> [SUPPLIED RECORDS]:
- - - -

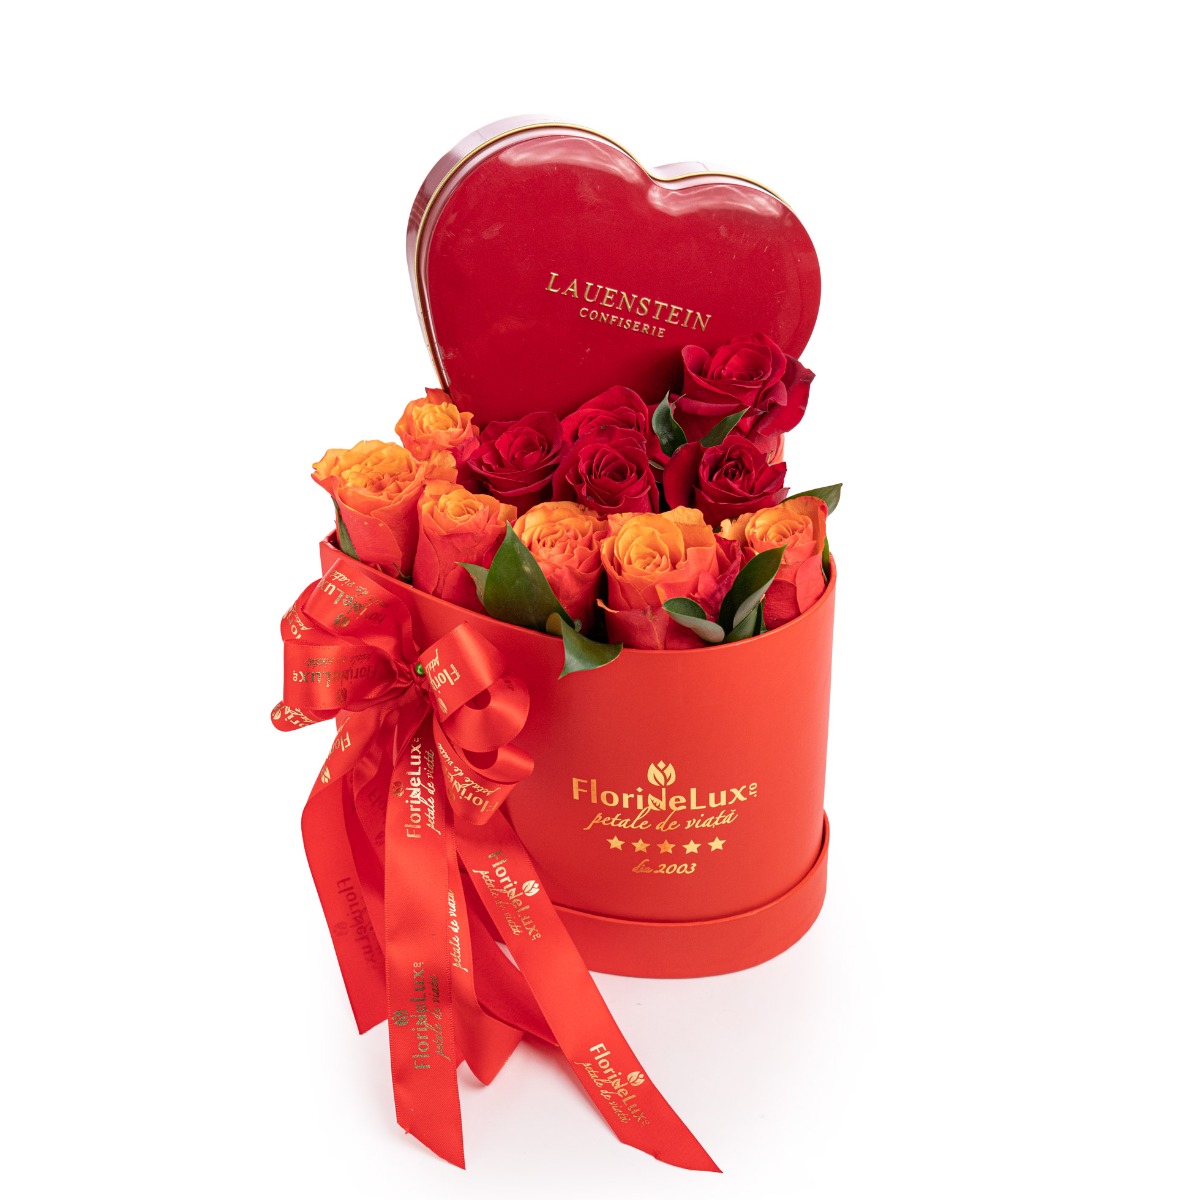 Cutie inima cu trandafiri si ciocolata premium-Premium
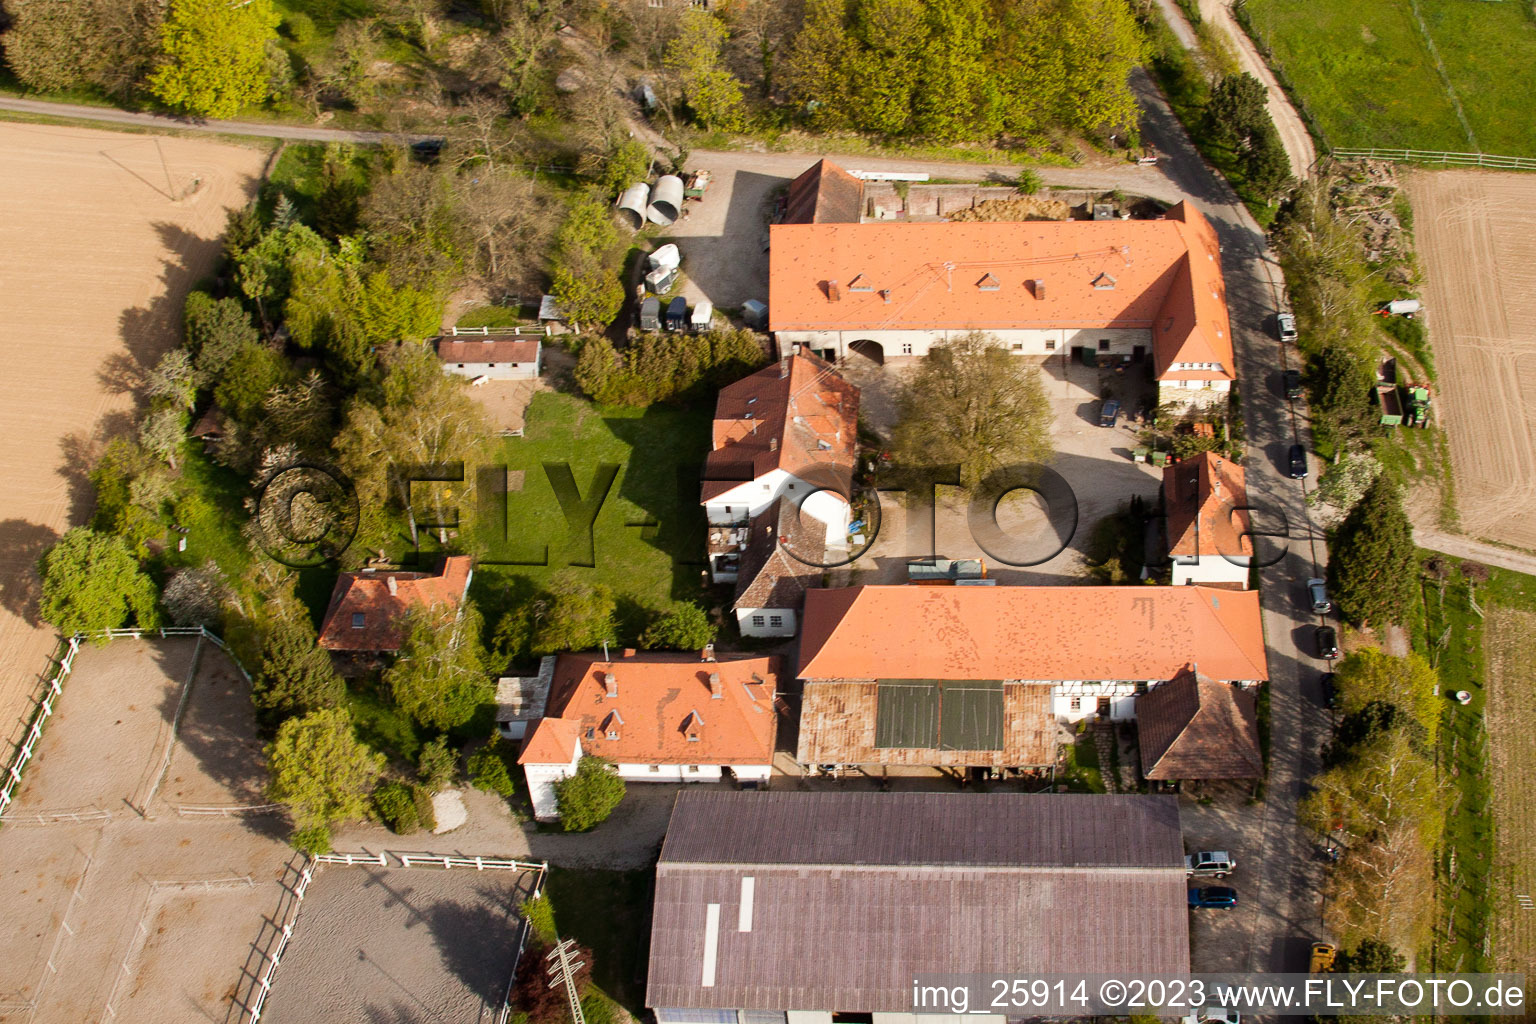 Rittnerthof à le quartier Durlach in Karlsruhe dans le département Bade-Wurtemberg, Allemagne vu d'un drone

- - - -

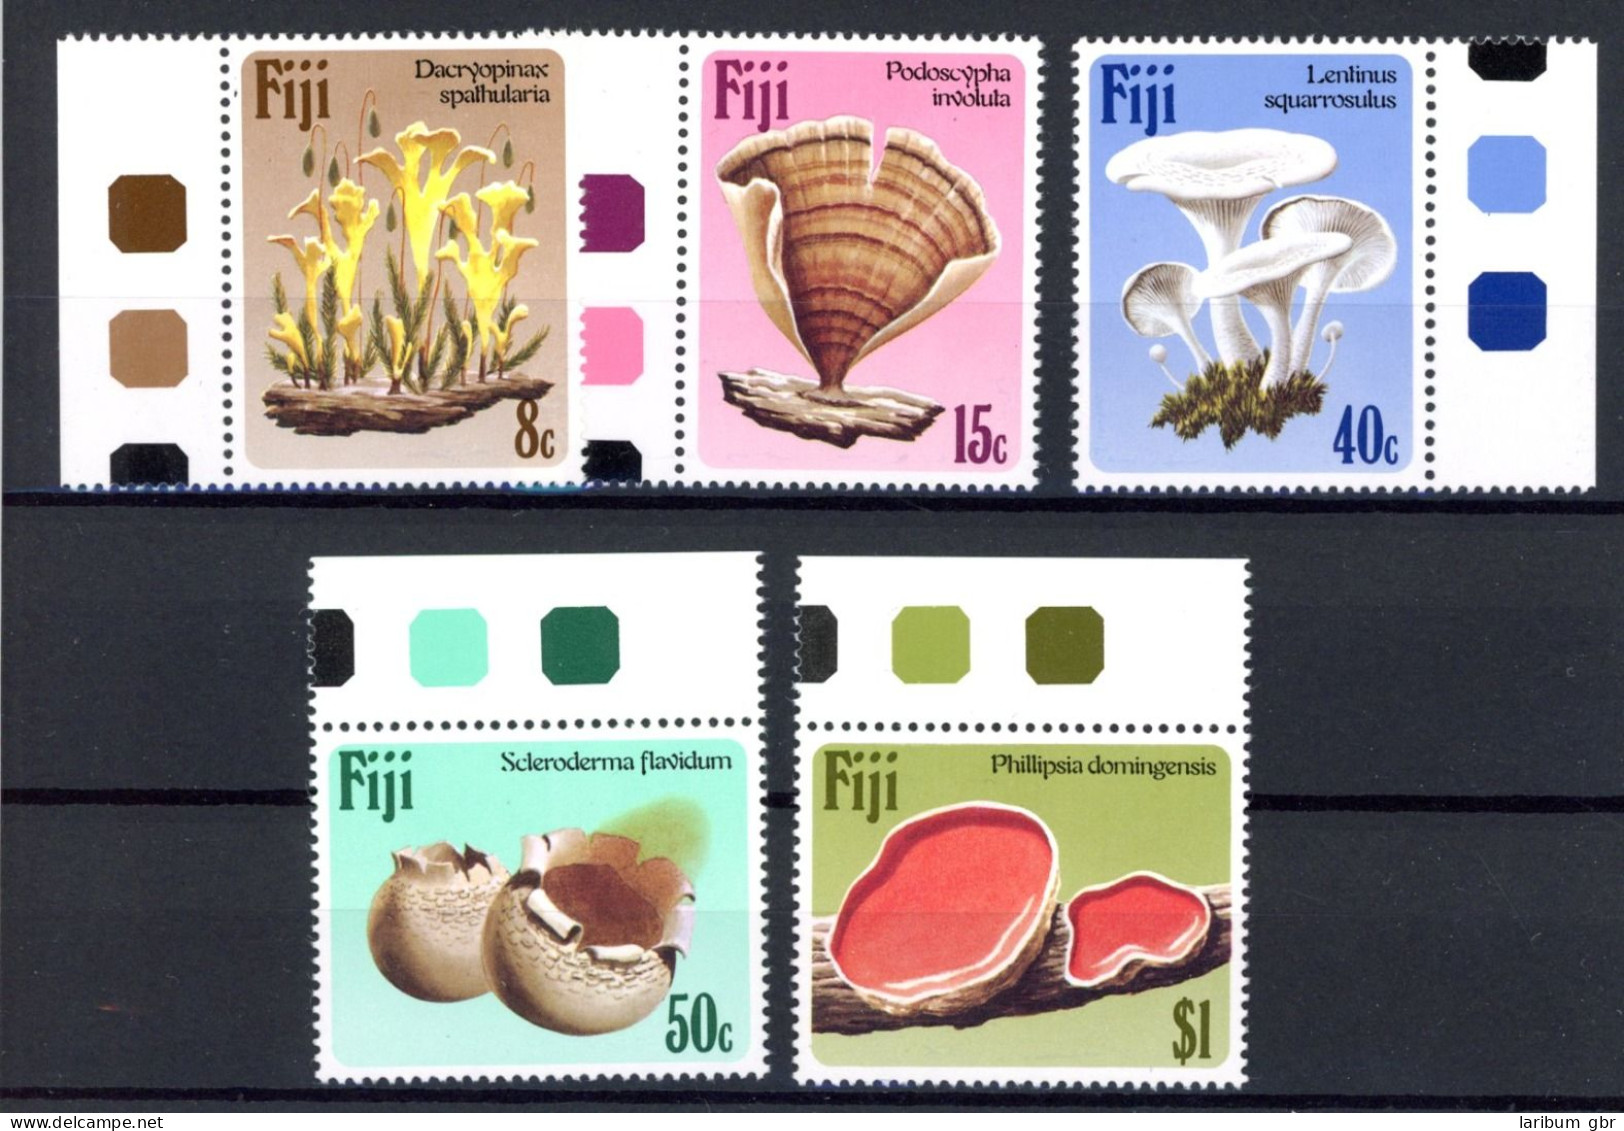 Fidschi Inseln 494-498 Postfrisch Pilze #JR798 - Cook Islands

- - - -

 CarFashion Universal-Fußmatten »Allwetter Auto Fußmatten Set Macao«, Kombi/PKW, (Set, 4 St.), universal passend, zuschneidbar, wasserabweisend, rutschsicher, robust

- - - -

> [WHAT YOU NEED TO DO]: Your answer must be everything above from the line with "Cutie inima cu" down to the line with "Rittnerthof à le", word for word, and no pictures.

> [RESULT OF THE TASK]:
 Cutie inima cu trandafiri si ciocolata premium-Premium
 Rittnerthof à le quartier Durlach in Karlsruhe dans le département Bade-Wurtemberg, Allemagne vu d'un drone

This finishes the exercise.